• What to work on:
Your answer must be the full listing below, restated word for word, with no pictures in it.

• Data shown:
************

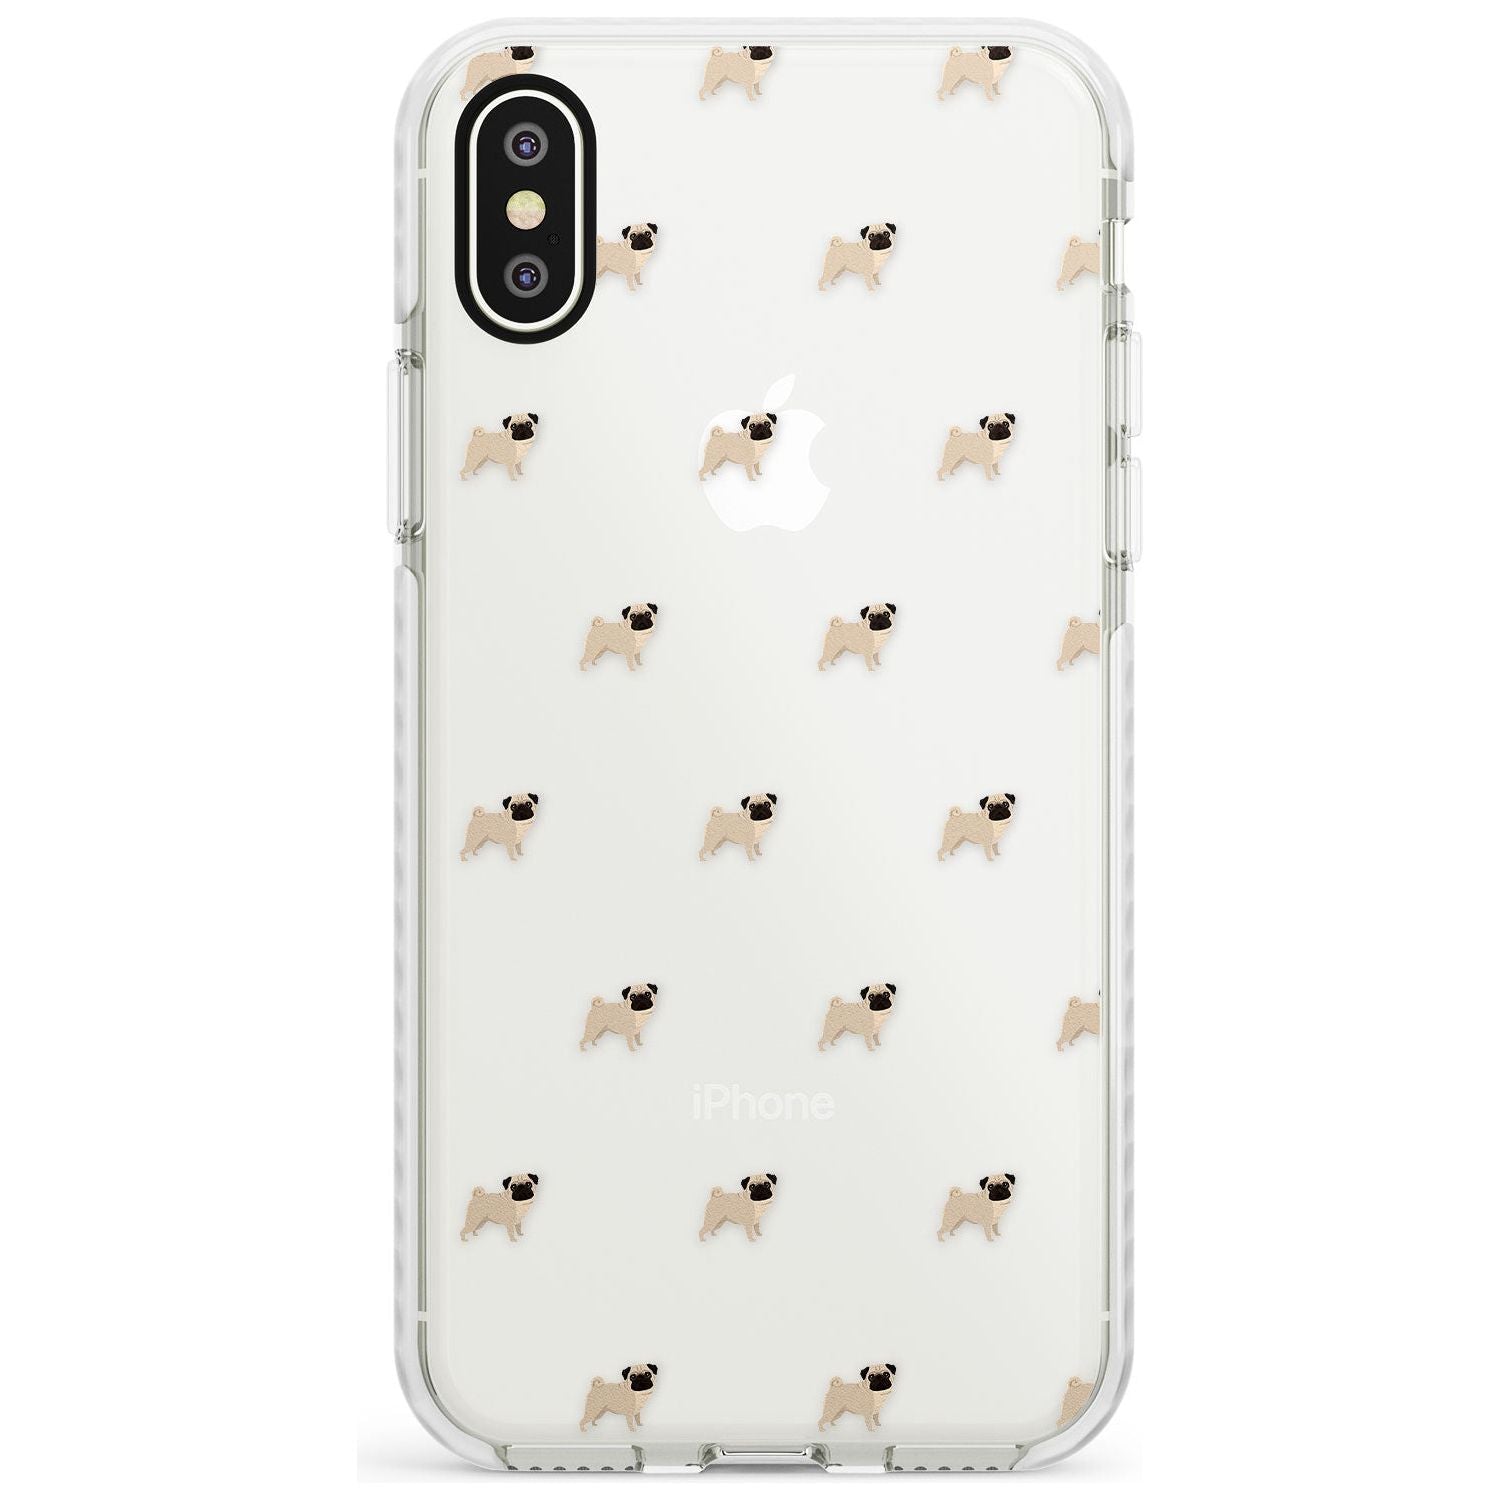 Pug Dog Pattern Clear Impact Phone Case for iPhone X XS Max XR
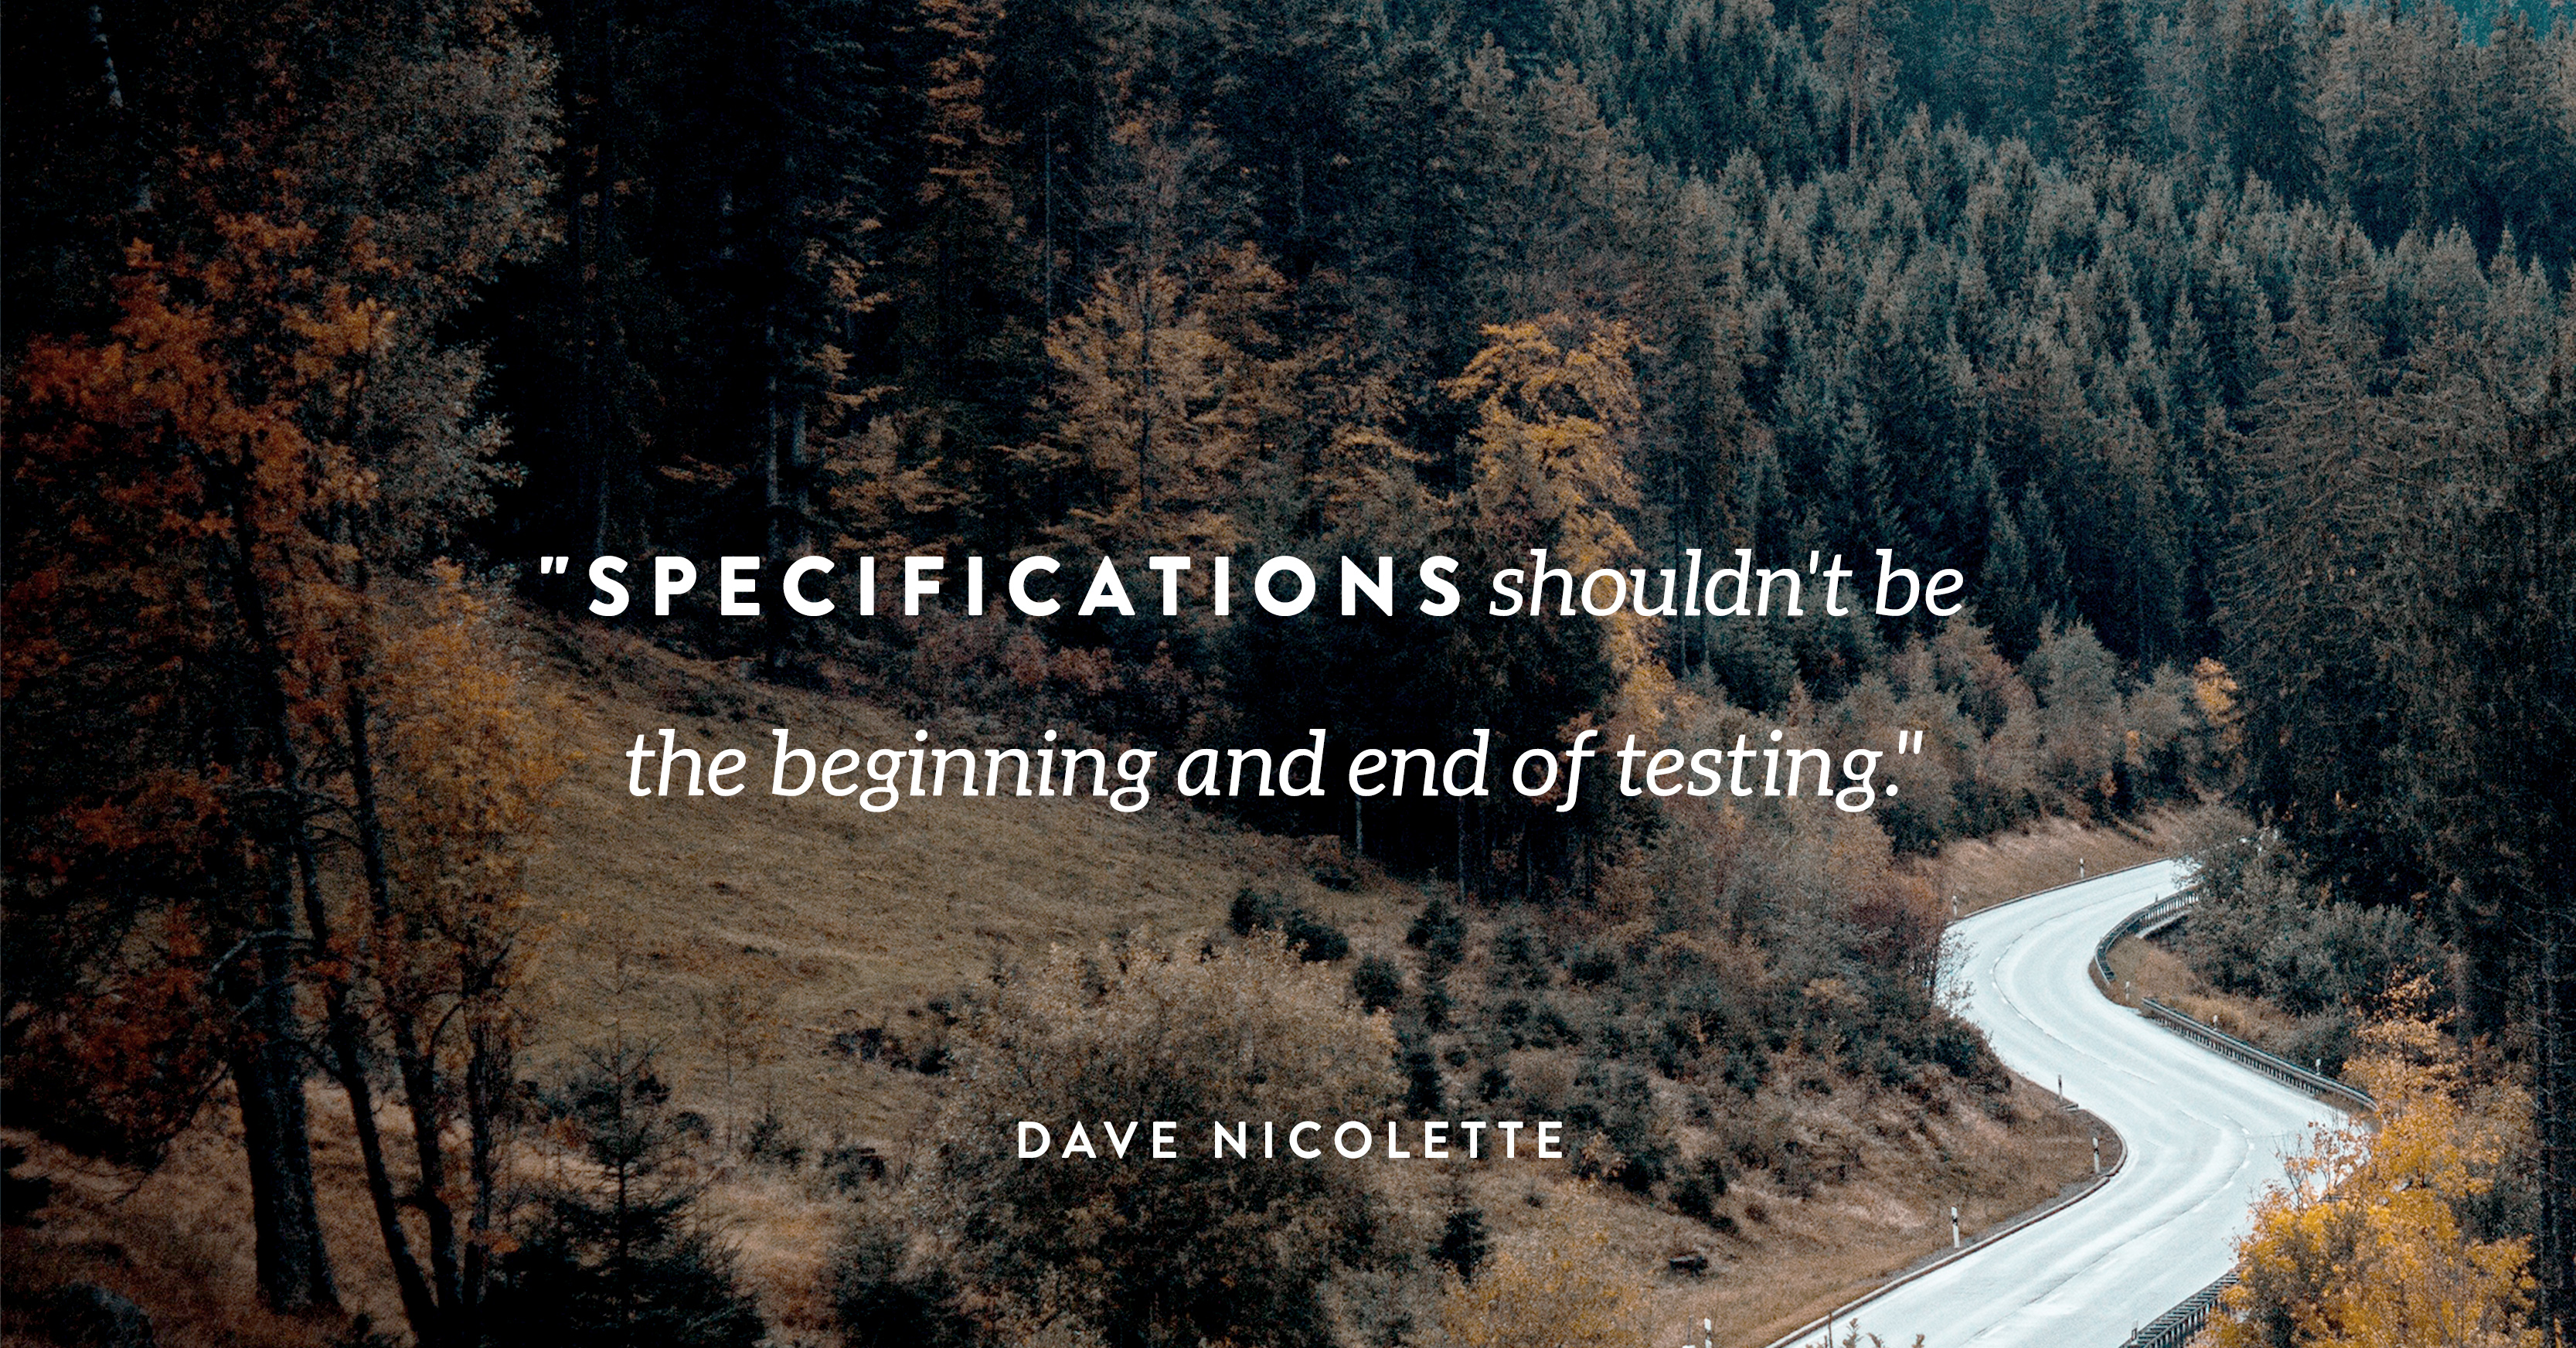 When to Stop Testing
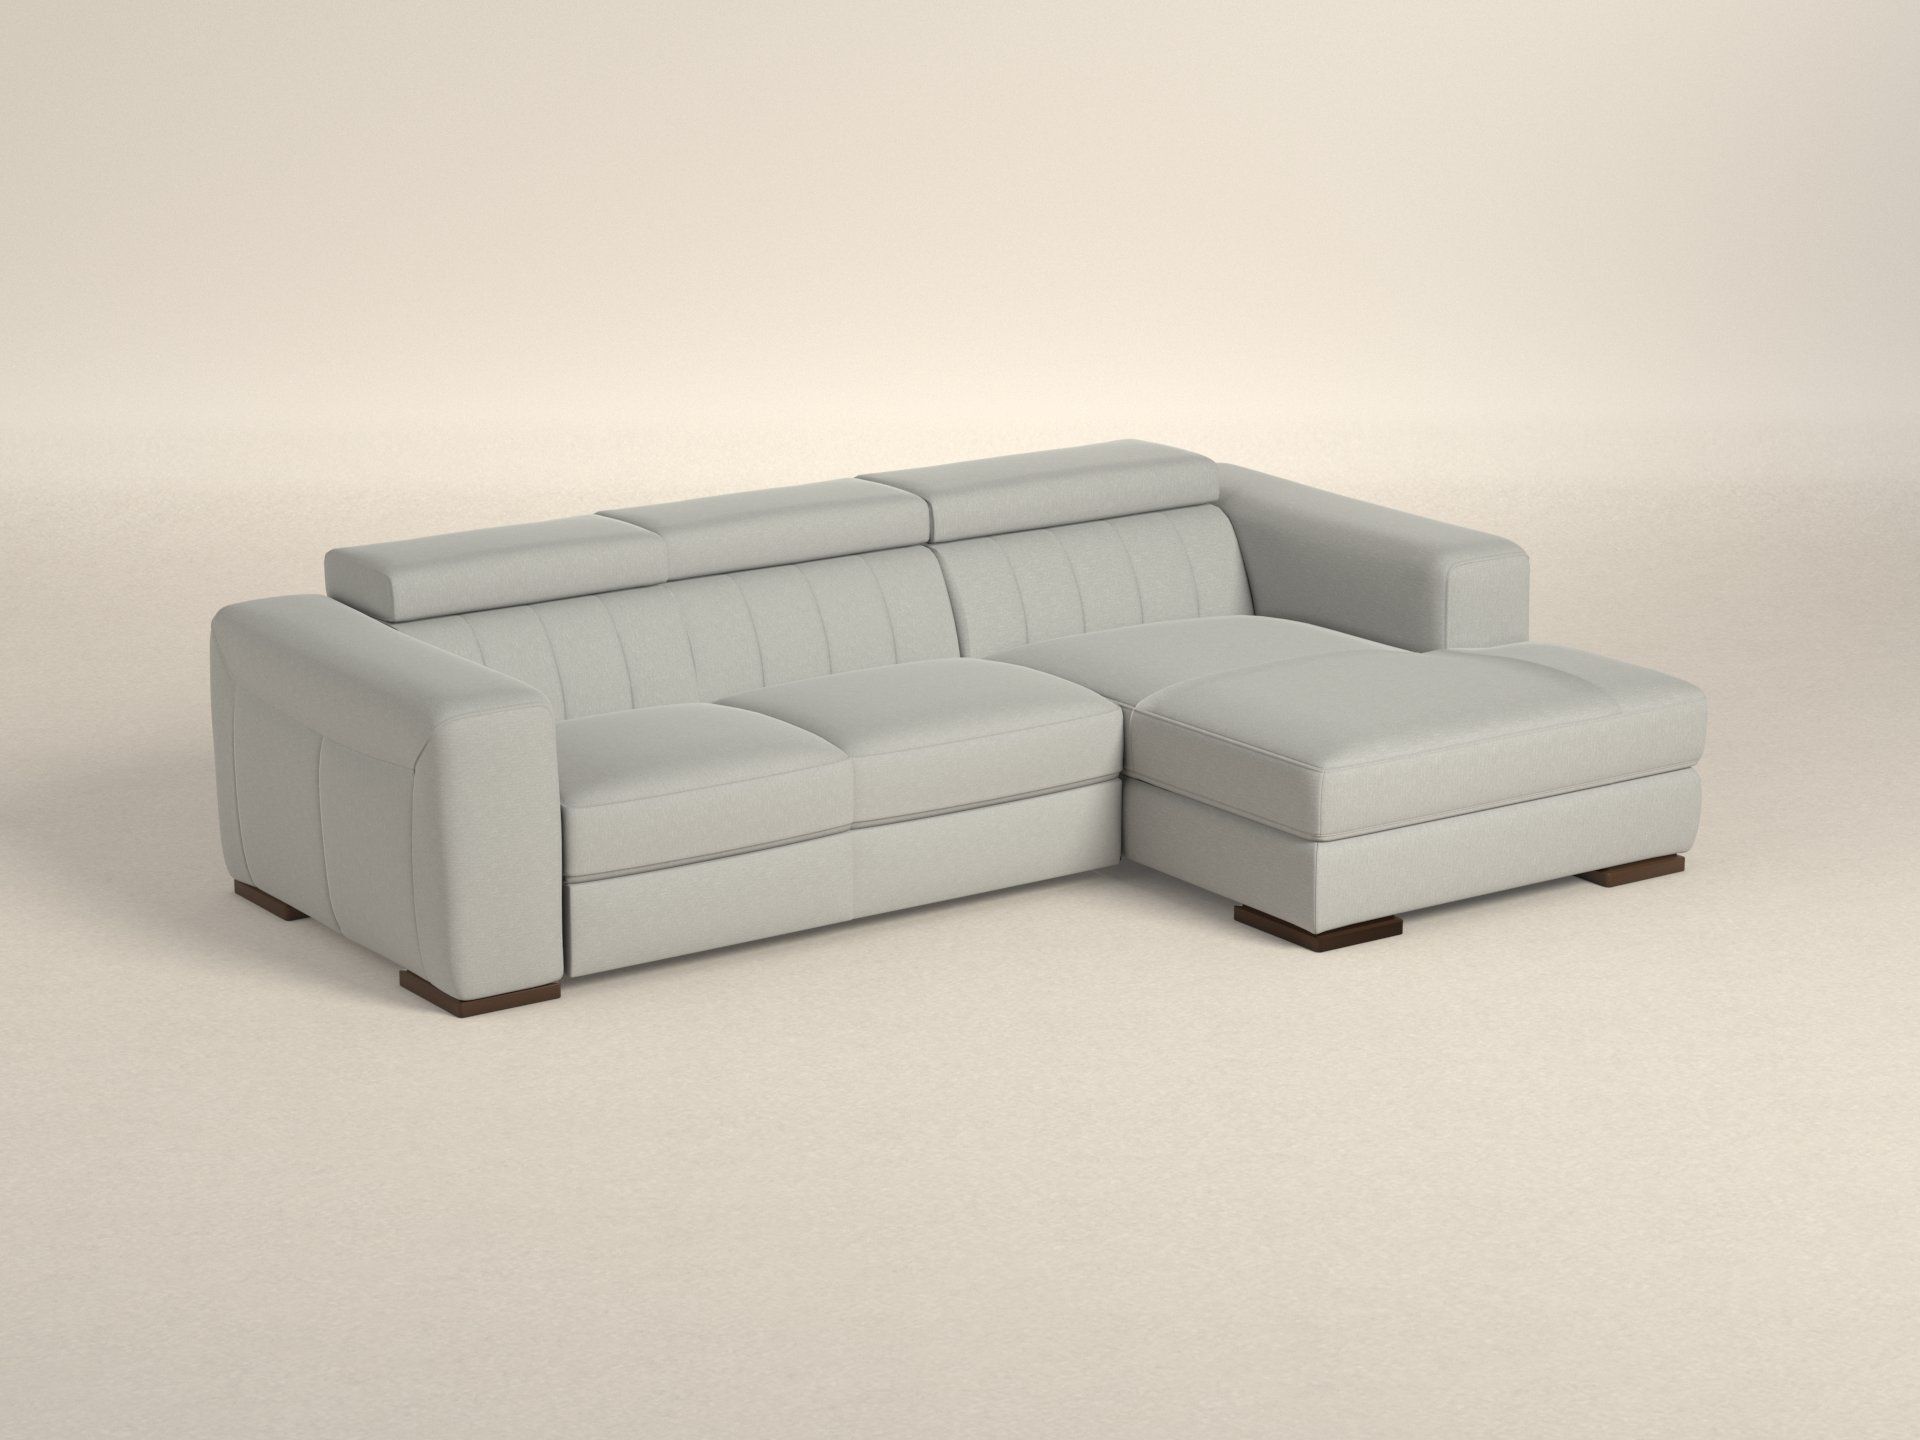 Preset default image - Forza Sofa with Chaise on right side - Fabric

************

• Output of the task:
 Pug Dog Pattern Clear Impact Phone Case for iPhone X XS Max XR
 When to Stop Testing
 Preset default image - Forza Sofa with Chaise on right side - Fabric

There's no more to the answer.